Faster Verification With AI, ML

With engines improving, the design ecosystem is looking to new approaches to improve productivity.

popularity

Tool providers have continually improved the performance, capacity, and memory footprint parameters of functional verification engines over the past decade. Today, although the core anchors are still formal verification, simulation, emulation, and FPGA-based prototyping, a new frontier focusing on the verification fabric itself aims to make better use of these engines including planning, allocation, and metrics tracking.

At the same time, artificial intelligence (AI), big data, and machine learning are top of mind for every design team asking, ‘How do we make verification even more efficient given that all the core engines have improved and continue to improve; what’s the next level? When am I done verifying?’

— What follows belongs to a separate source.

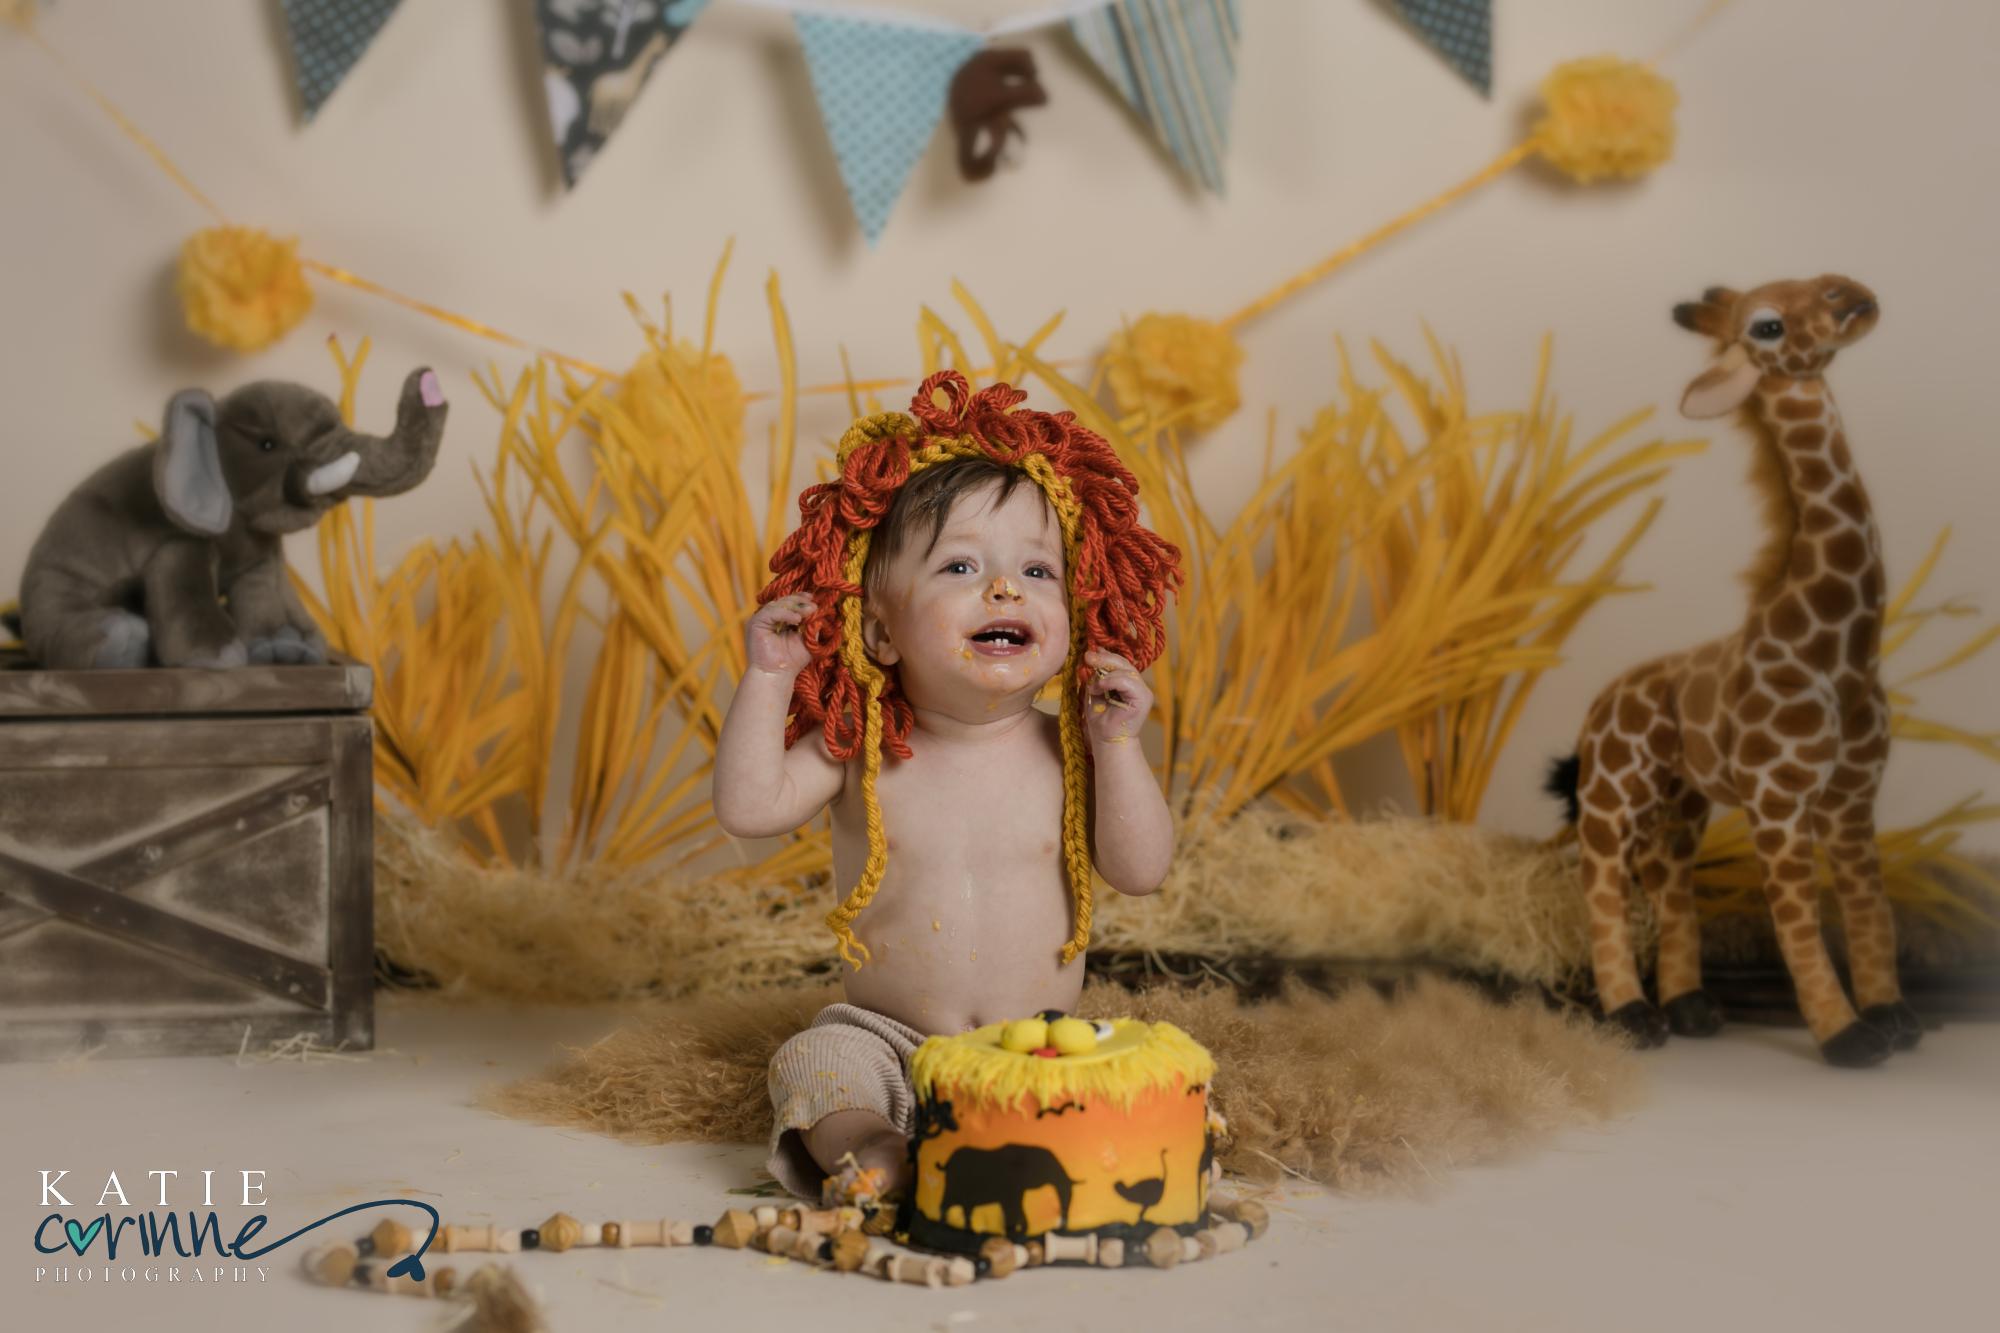 Colorado baby dressed as lion celebrates one year milestone
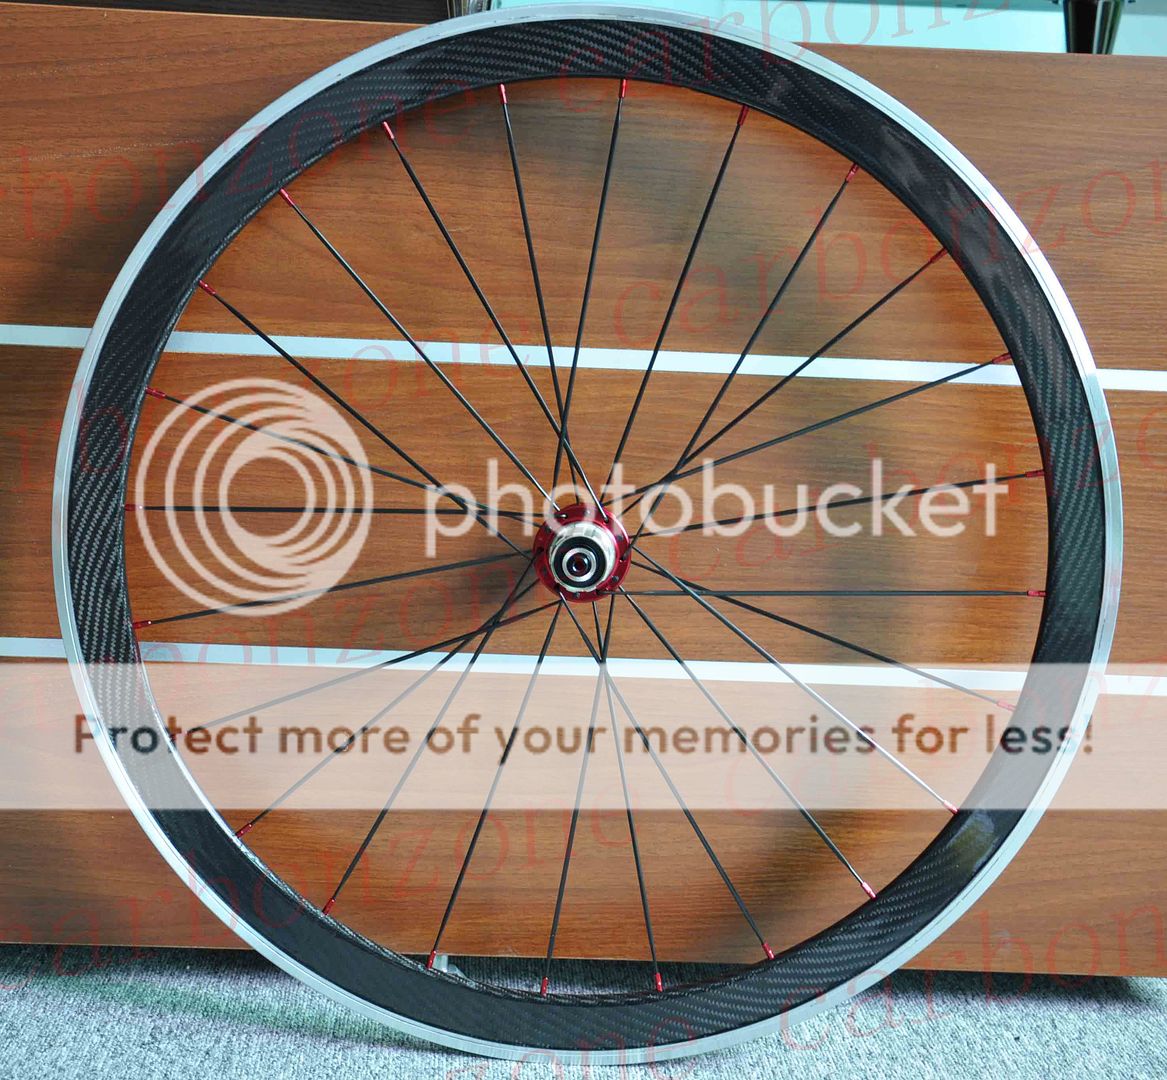 42mm Alloy Carbon Road Bike Clincher Wheels Wheelset Red Hub

A panel discussion I moderated at the recent Design Automation Conference in San Francisco discussed these and other topics. The panel included Jeff Ohshima, member of the technology executive team at Toshiba Memory; Paul Cunningham, corporate vice president and general manager for R&D at Cadence; David Lacey, verification scientist at Hewlett Packard Enterprise (HPE); and Jim Hogan, managing partner at Vista Ventures.

Ohshima contrasted the tremendous demand for memory expected from consumer, datacenter and enterprise vertical segments with design and verification issues. “With more design complexity than ever before and compared with the design cycle /verification cycle, it’s taking longer and longer these days. While we are doing the new circuit design, we have to do the verification at the same time to shrink the total cycle time. This is now becoming a big issue for SSD development.”

And while automation has improved development turnaround time, design complexity is still so difficult that more help is needed, Ohshima acknowledged.

Specifically, flash memory design has recently become more complicated, he explained, especially with the company’s transition from 2D to 3D flash. “There are huge numbers of parameters to optimize in the circuit design as well as the layout design—and quickly.” Ohshima says Toshiba Memory uses an agile design methodology to make up the totally mature flash memory as a device. “The large amount of iterations for the circuits or devices parameters must be done to catch up with the quick design cycle, and it must be done with an agile design approach for each portion,” he said.

On the SoC side, Ohshima noted that its SSD controller SoC was not the state of the art with the most advanced technology, but “we are okay, even now, with the 20/16nm technology node; we don’t need 7nm right now. That said, some unique requirements for the SSD controller exist. Compared with the previous generation, the new generation makes reuse of some blocks; of course, the bugs found, detected after the R&D fix, is decreasing thanks to reuse. However, because of the design complexity of the next generation, especially the enterprise application area, we have lots of blocks for the regression simulation that is now becoming a critical path for our SSD design.”

Toshiba Memory hopes many new ideas will flourish in the name of AI or machine learning or deep learning.

Regardless of the type of chip, “[v]erification is a truly intractable problem,” Cunningham reminded, “If we double the size of the chip each year, we are squaring the state specs. There is no way that we’re ever done [squaring the specs]. This is a huge community/ecosystem challenge. What can we do with our tools and our solutions to somehow try to shrink that gap—you cannot possibly square the amount of compute resources [and] headcount every year. That probably isn’t going to go very far.”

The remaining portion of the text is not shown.